TASK REQUIREMENTS:
The result should be the full listing copied exactly, with no pictures in it.

DATA SEGMENT:

--------------------------------------------------

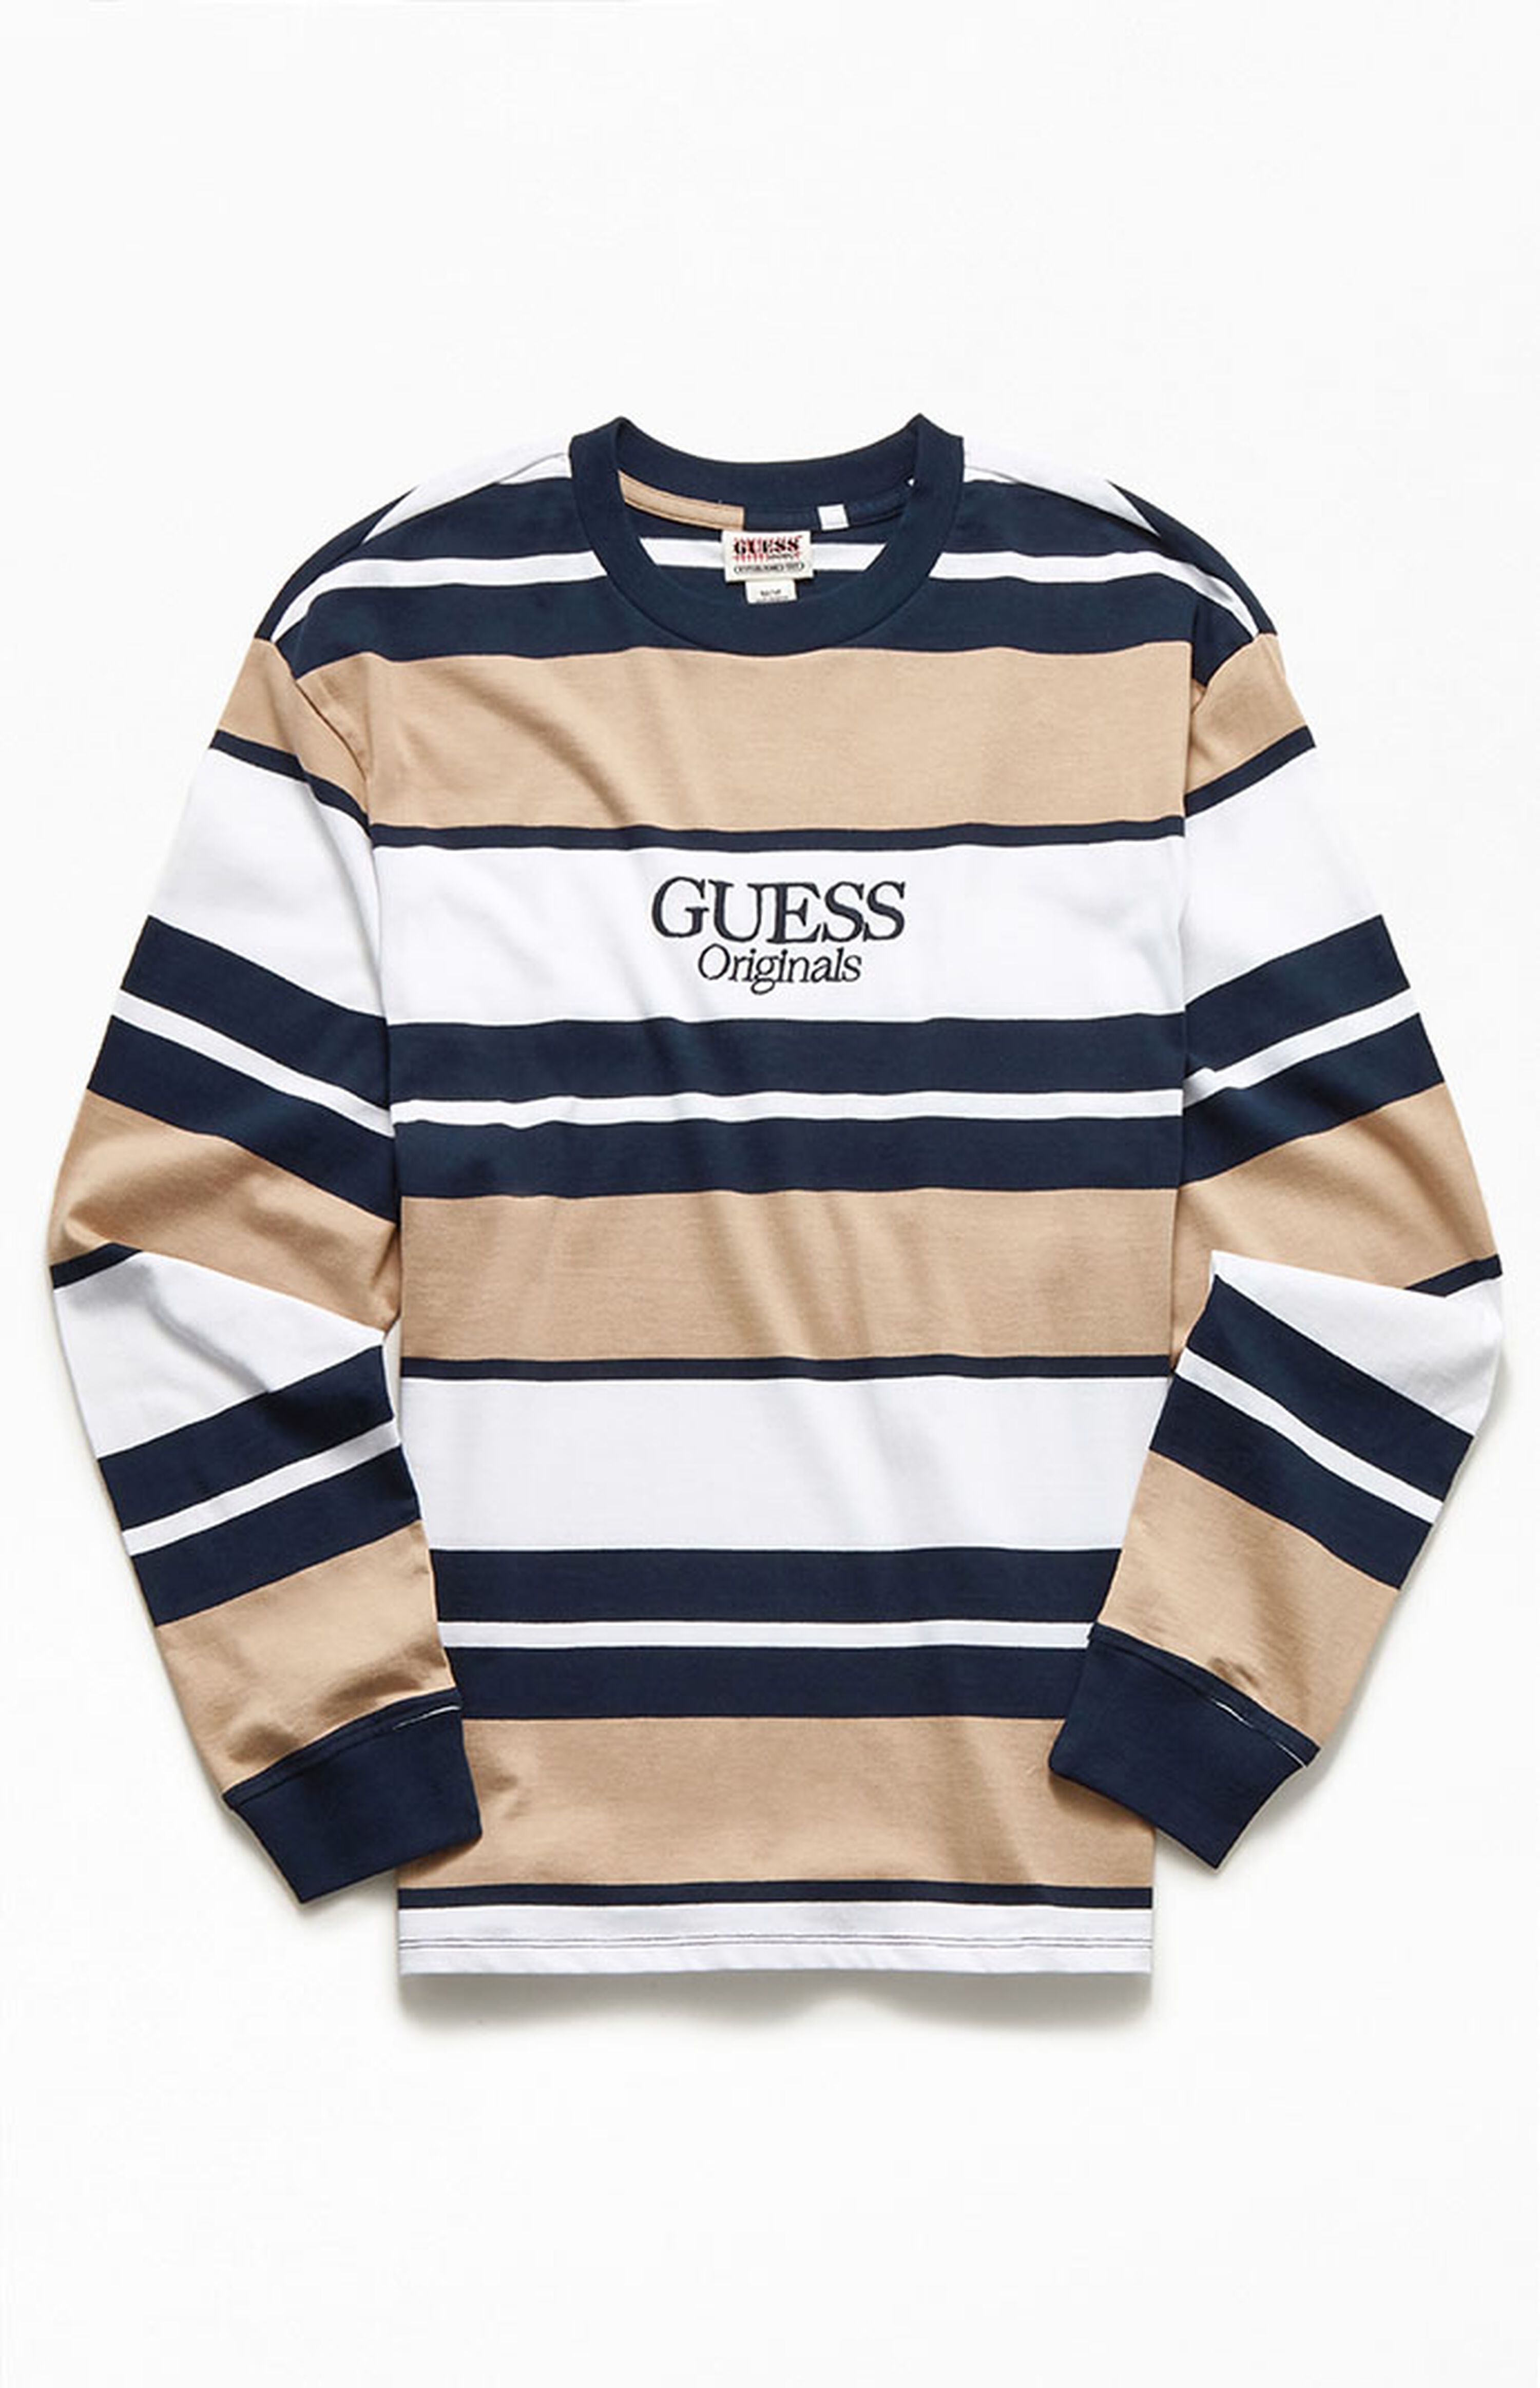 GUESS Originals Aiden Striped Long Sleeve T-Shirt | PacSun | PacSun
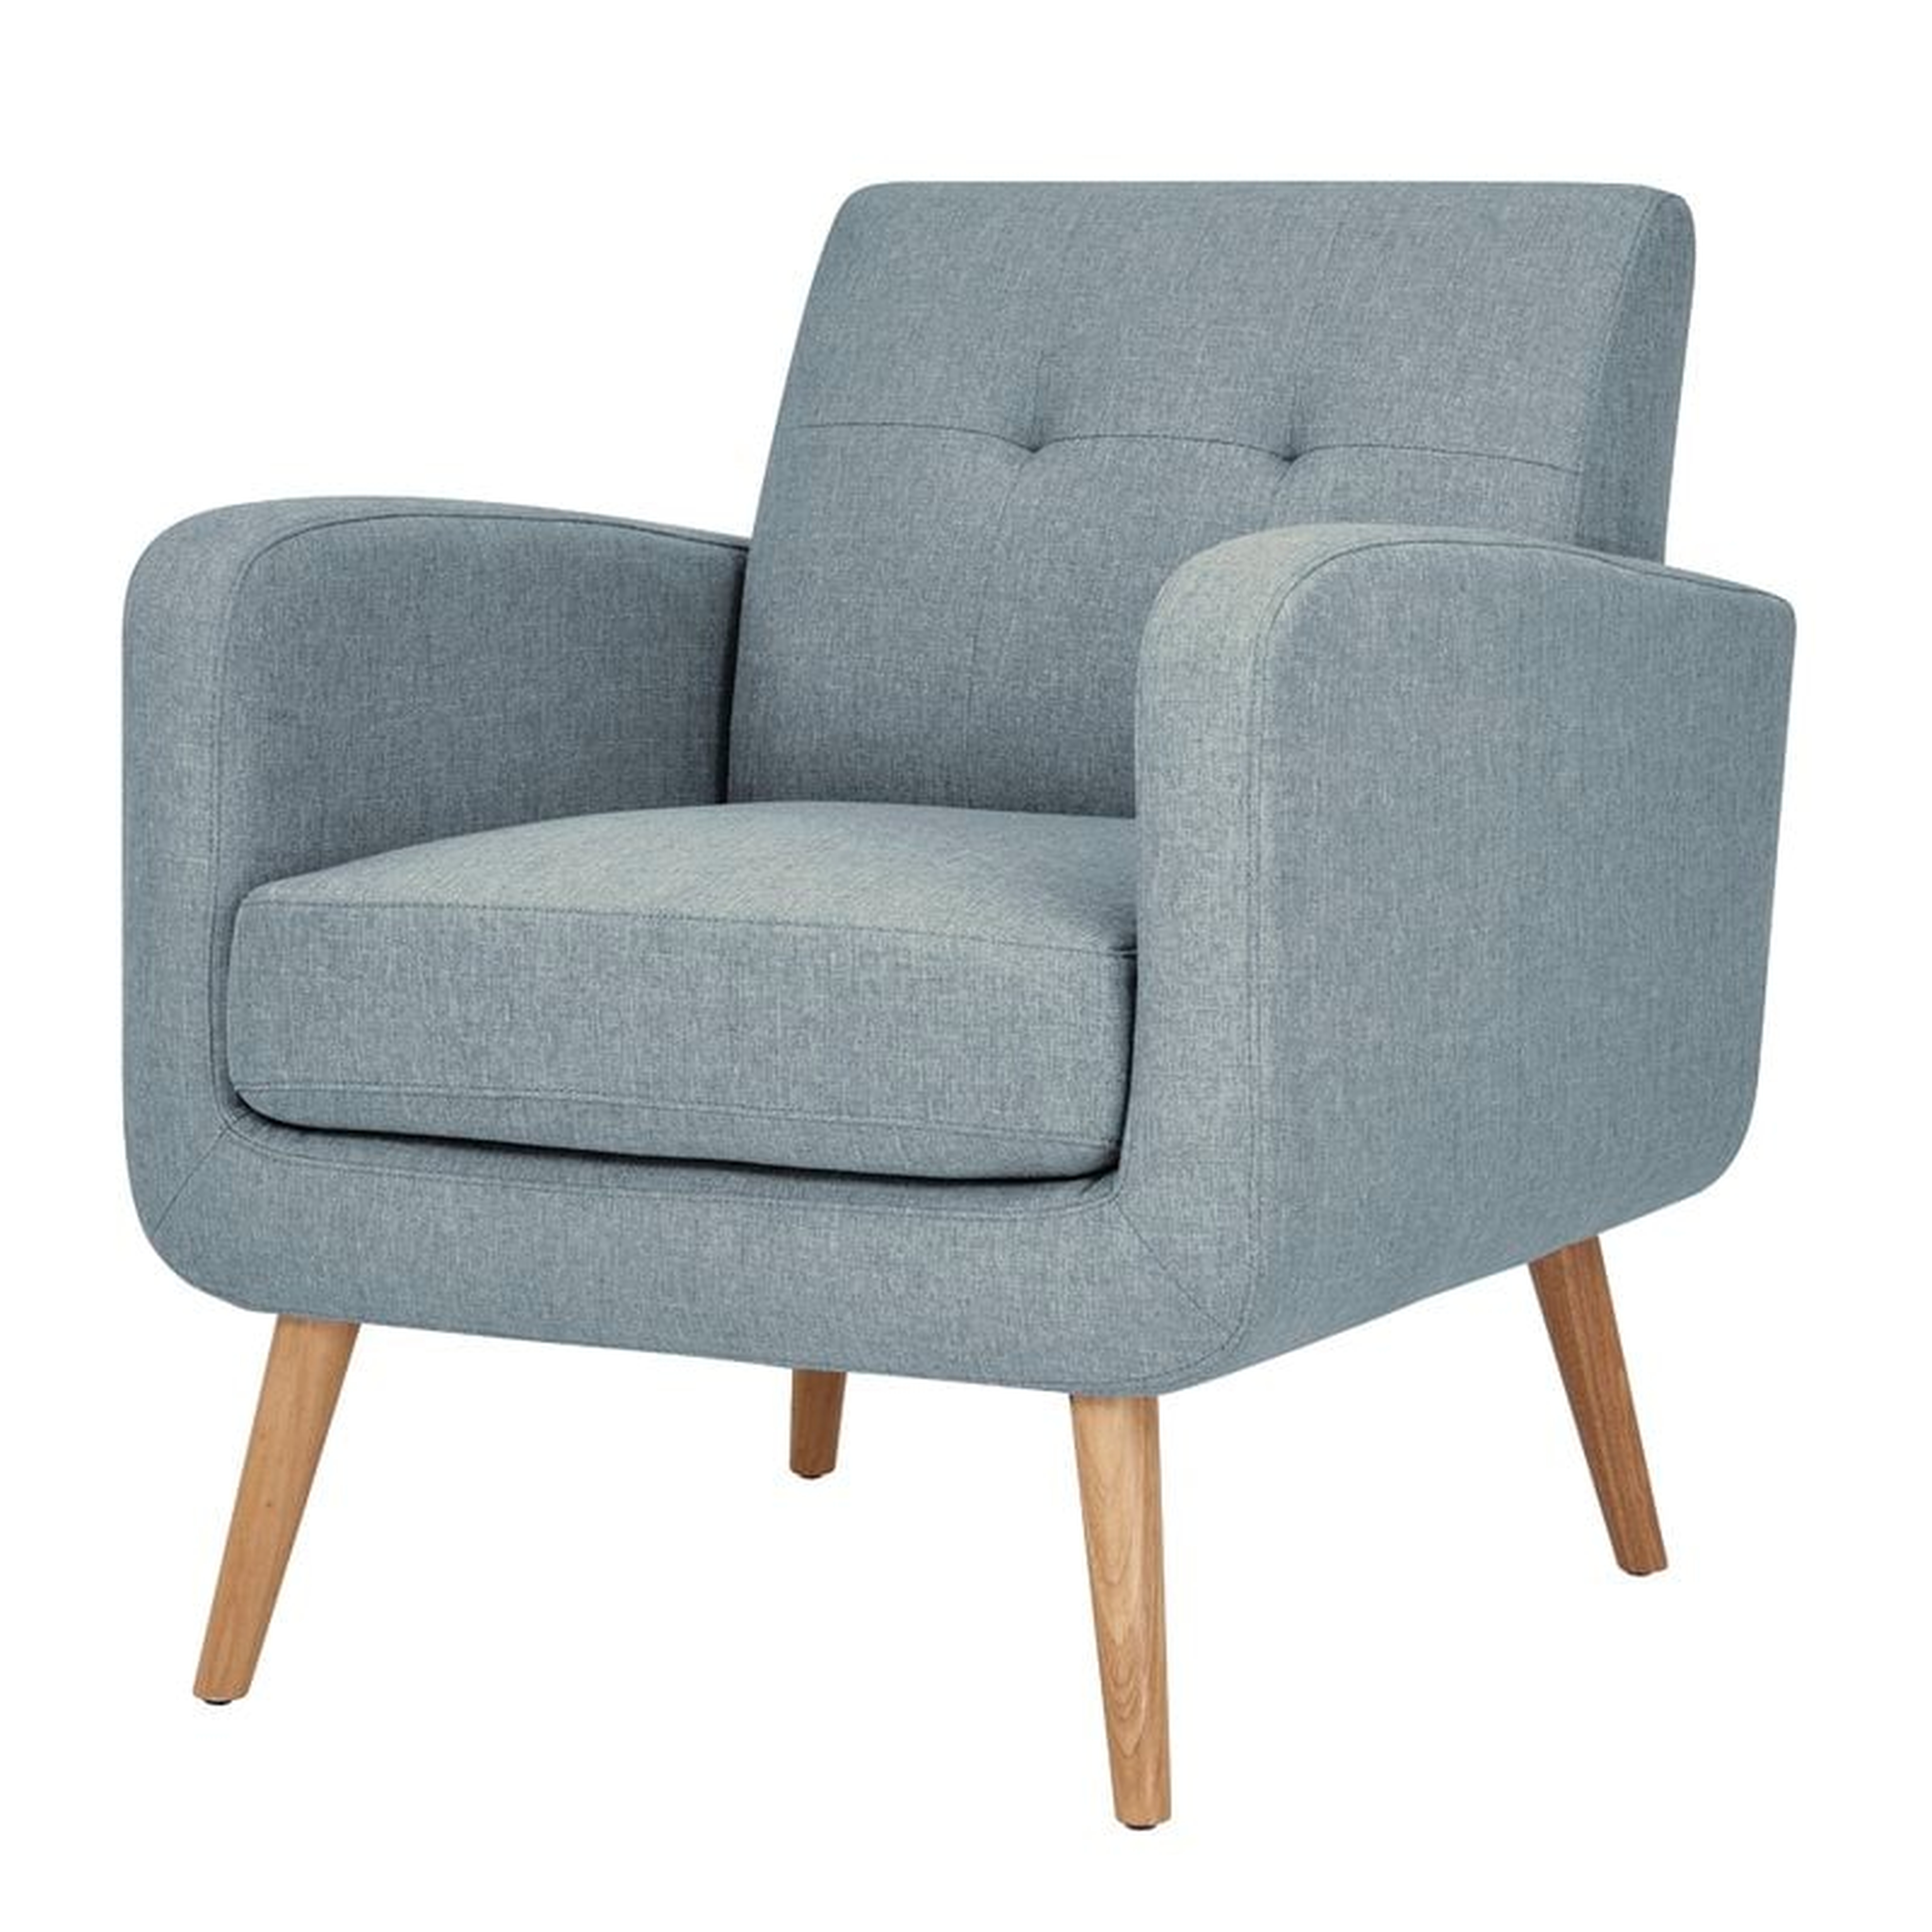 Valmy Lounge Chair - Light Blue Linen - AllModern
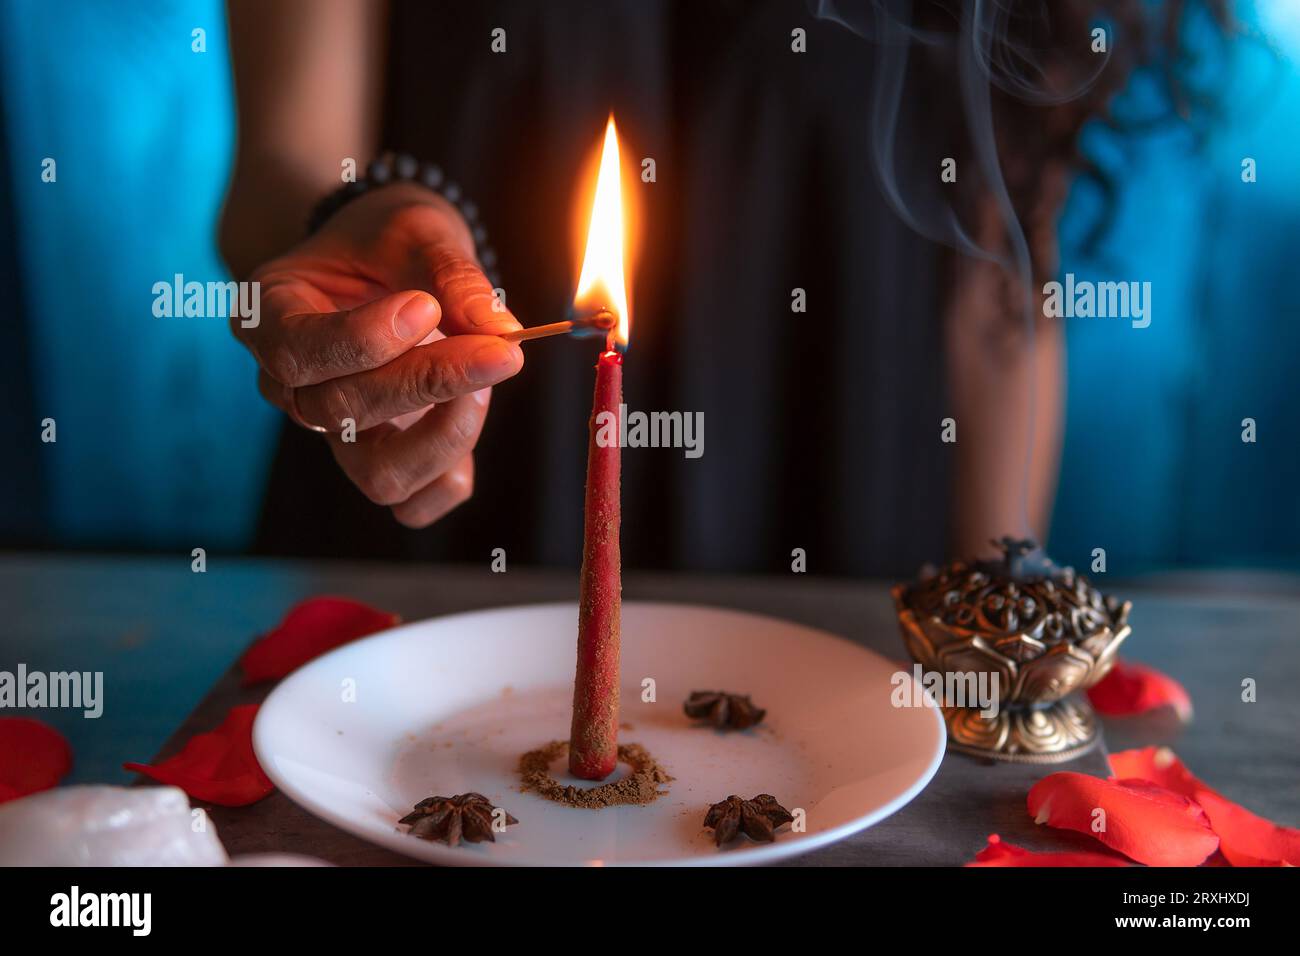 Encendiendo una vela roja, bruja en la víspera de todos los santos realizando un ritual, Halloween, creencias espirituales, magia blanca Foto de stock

--------------------------------------------------

RESPONSE AREA:
 GUESS Originals Aiden Striped Long Sleeve T-Shirt | PacSun | PacSun
 Valmy Lounge Chair - Light Blue Linen - AllModern
 Encendiendo una vela roja, bruja en la víspera de todos los santos realizando un ritual, Halloween, creencias espirituales, magia blanca Foto de stock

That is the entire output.